-- Recorded information follows --
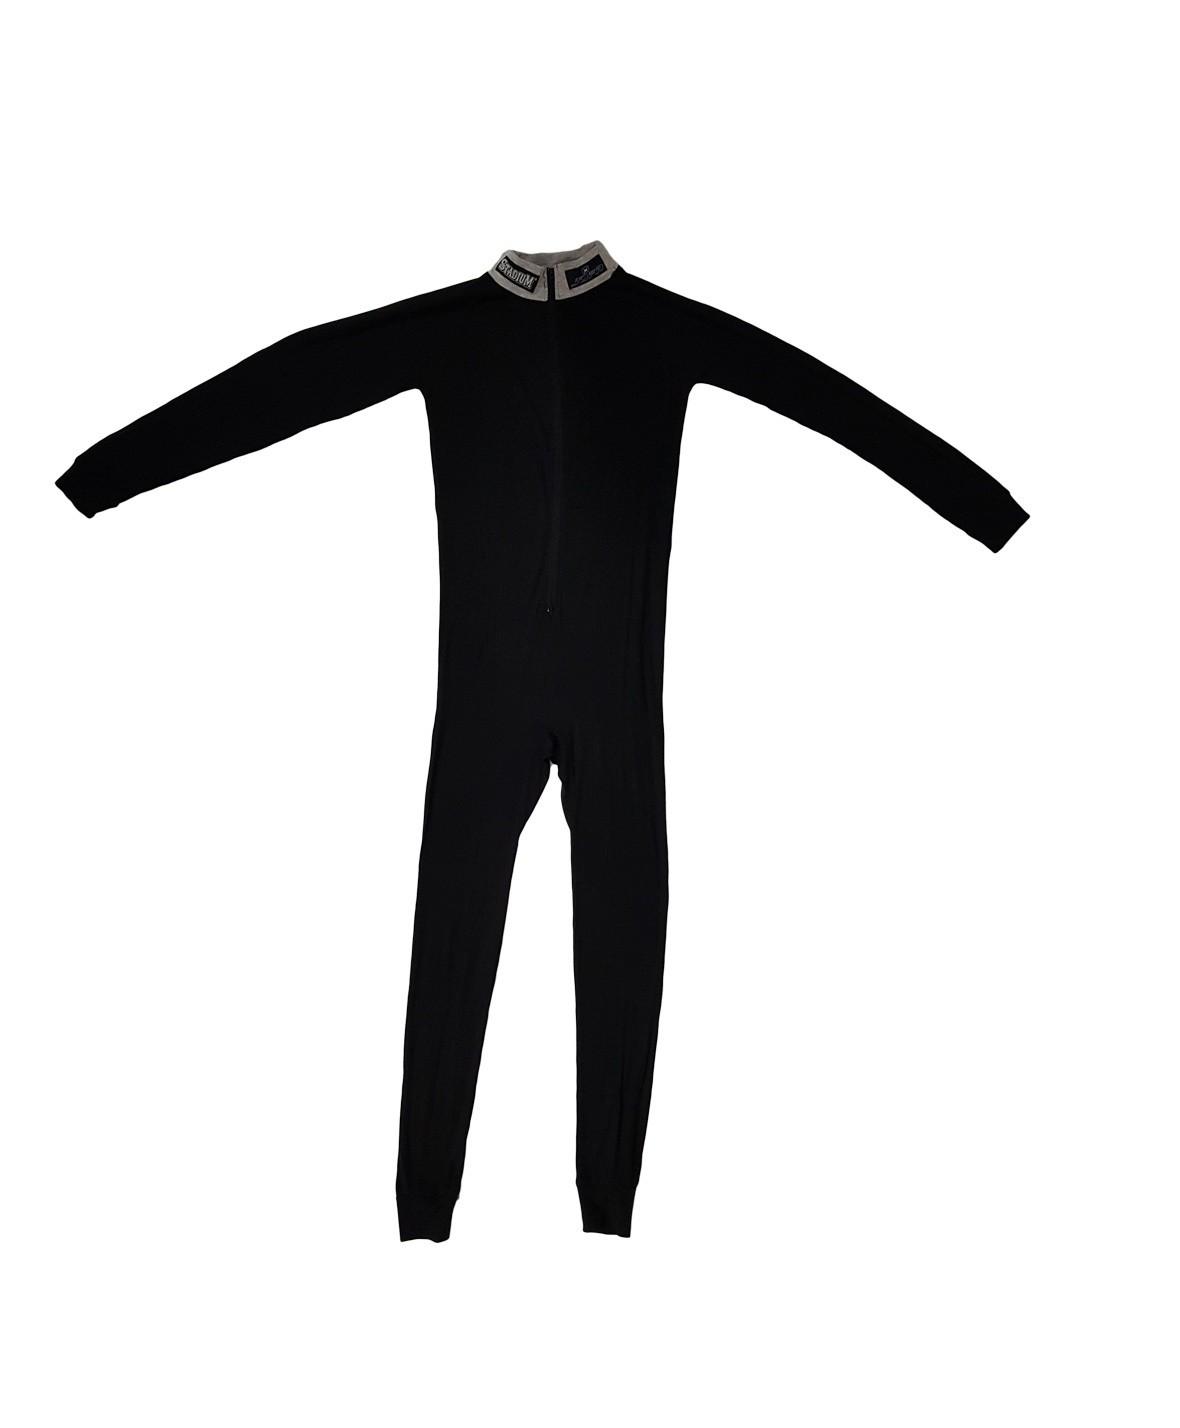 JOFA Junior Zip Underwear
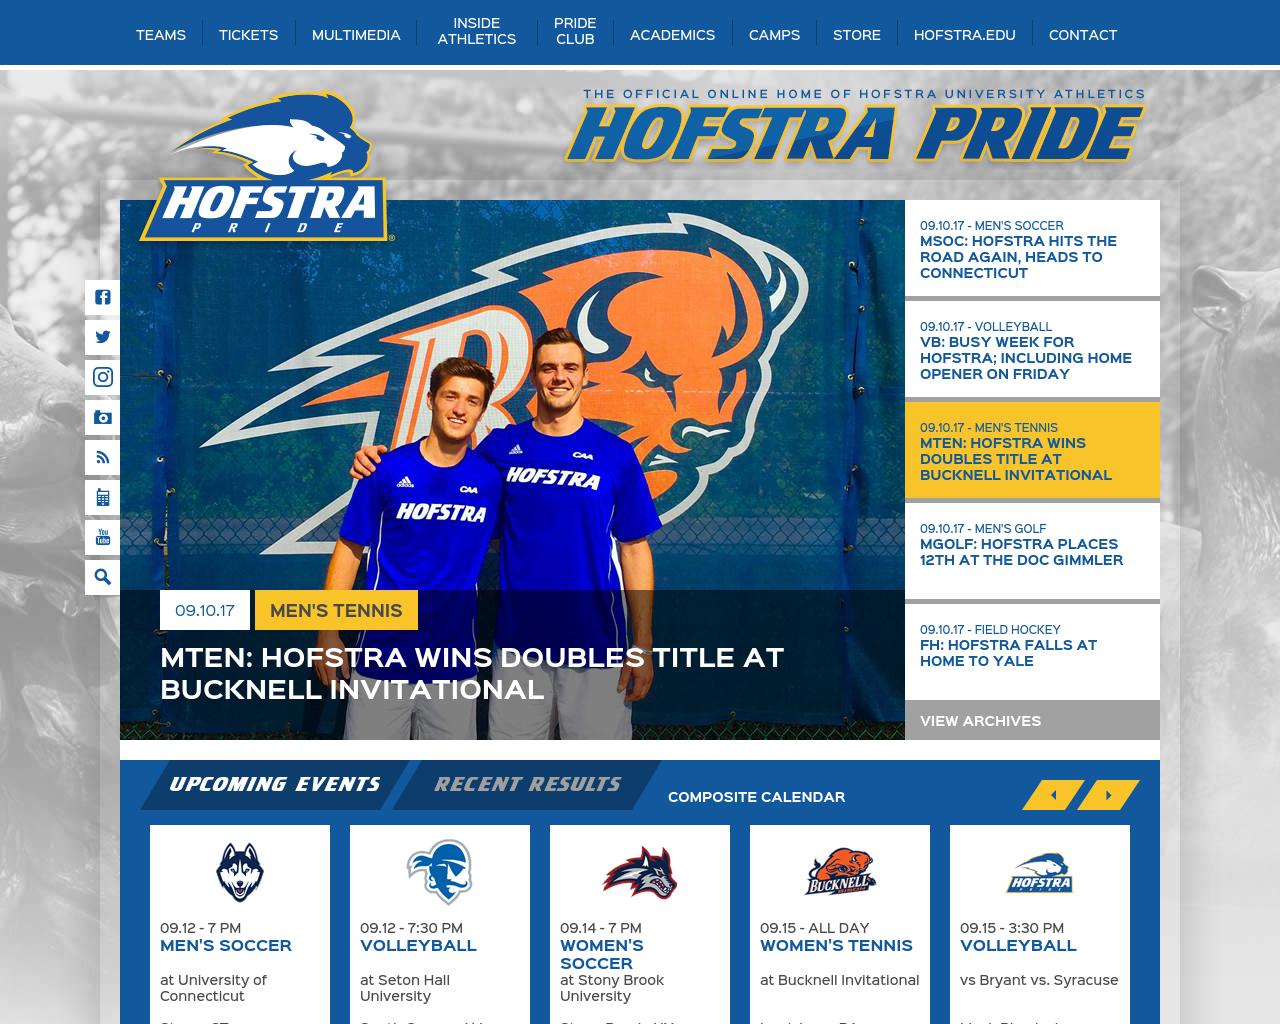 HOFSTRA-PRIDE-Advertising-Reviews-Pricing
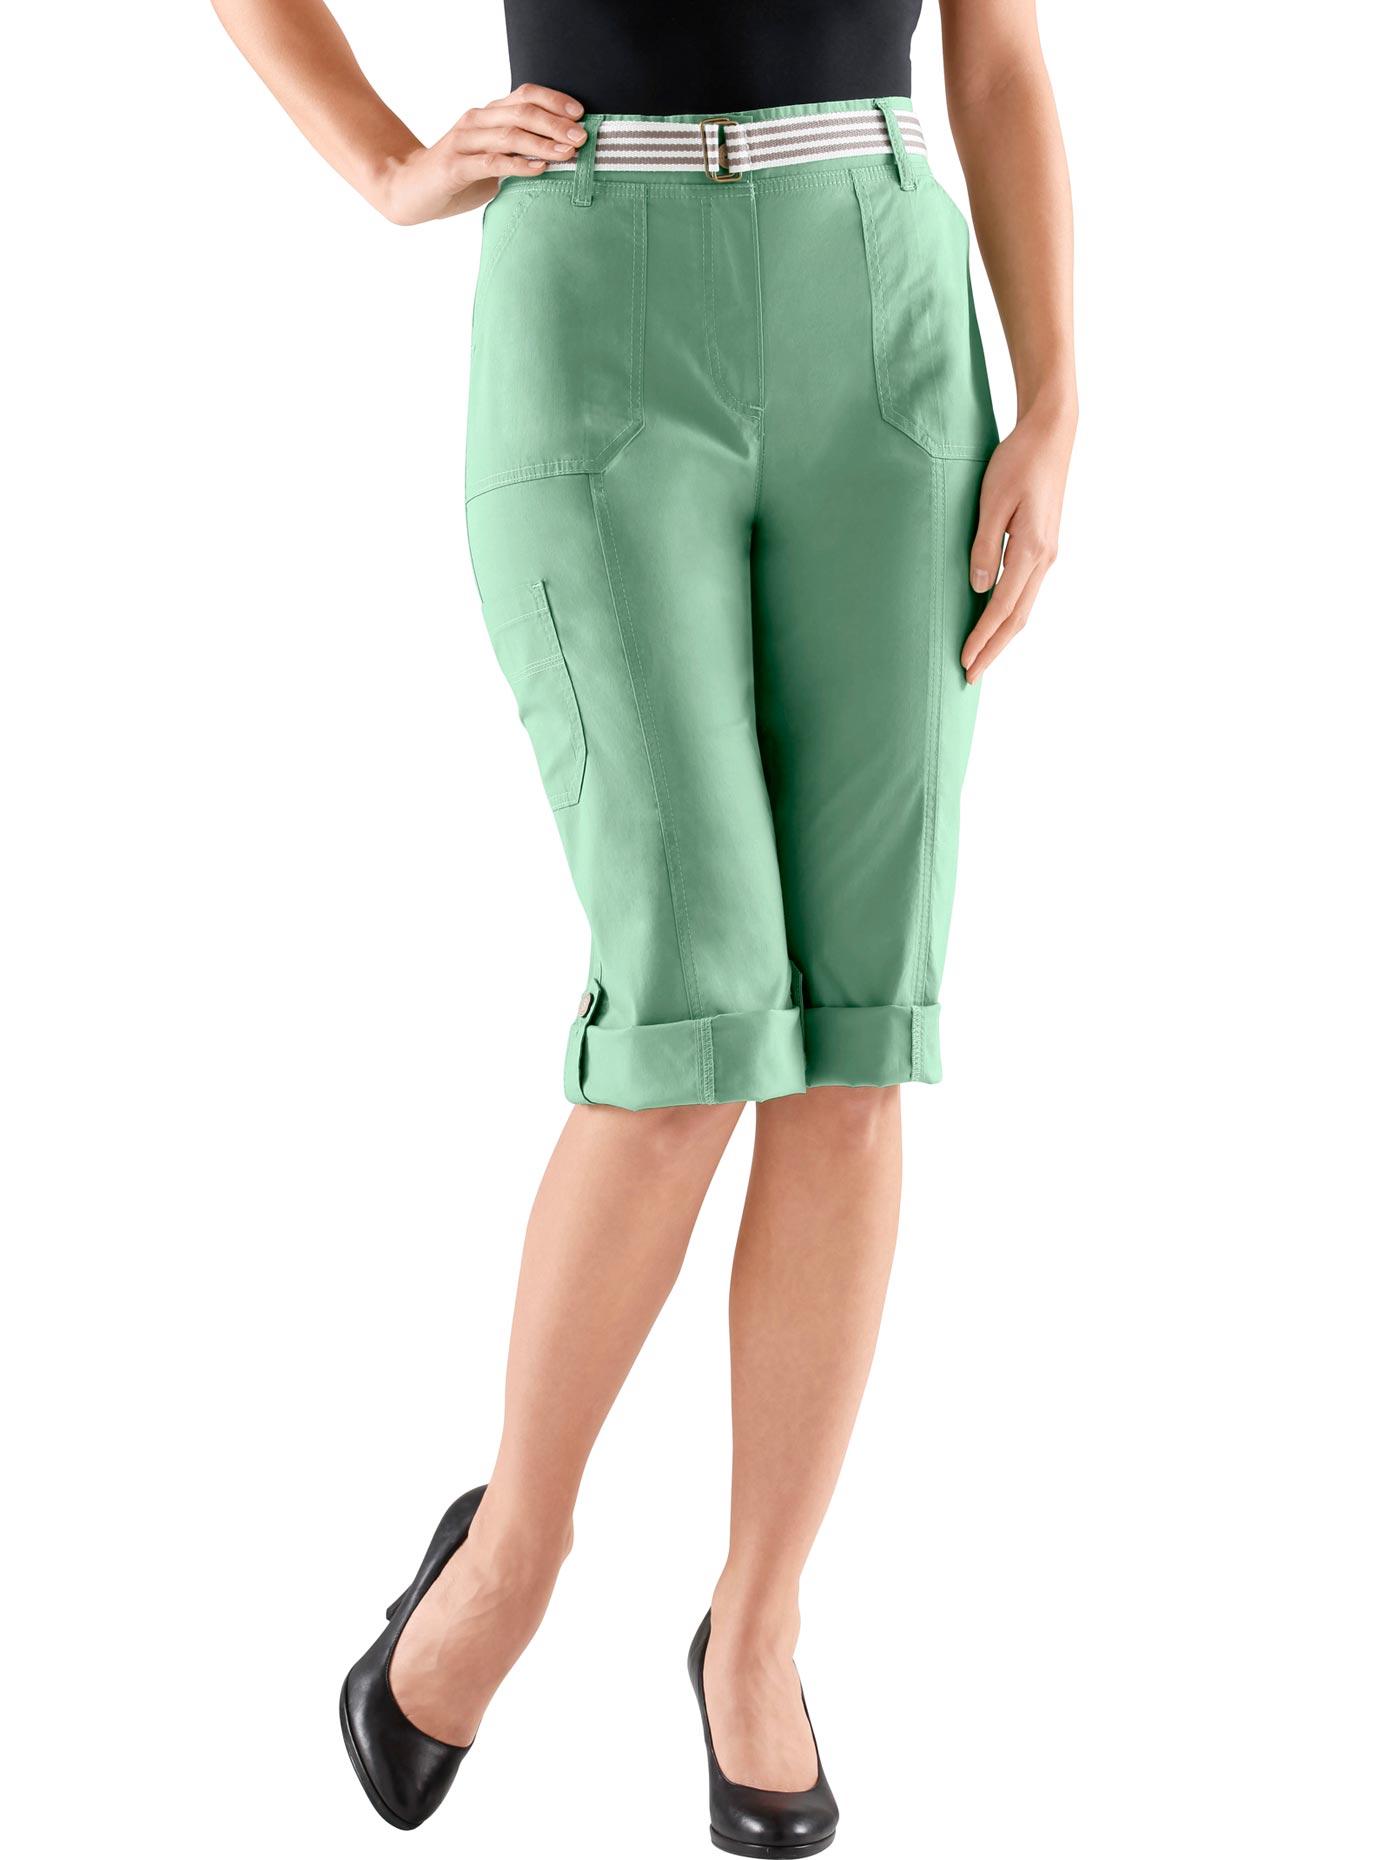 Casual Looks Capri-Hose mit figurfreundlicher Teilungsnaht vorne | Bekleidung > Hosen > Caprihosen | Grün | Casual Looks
-- Recorded information concluded --
**About this exercise**: Apart from the pictures, all of the data must be duplicated exactly as shown above.

**Solution to the exercise**:
 JOFA Junior Zip Underwear
 HOFSTRA-PRIDE-Advertising-Reviews-Pricing
 Casual Looks Capri-Hose mit figurfreundlicher Teilungsnaht vorne | Bekleidung > Hosen > Caprihosen | Grün | Casual Looks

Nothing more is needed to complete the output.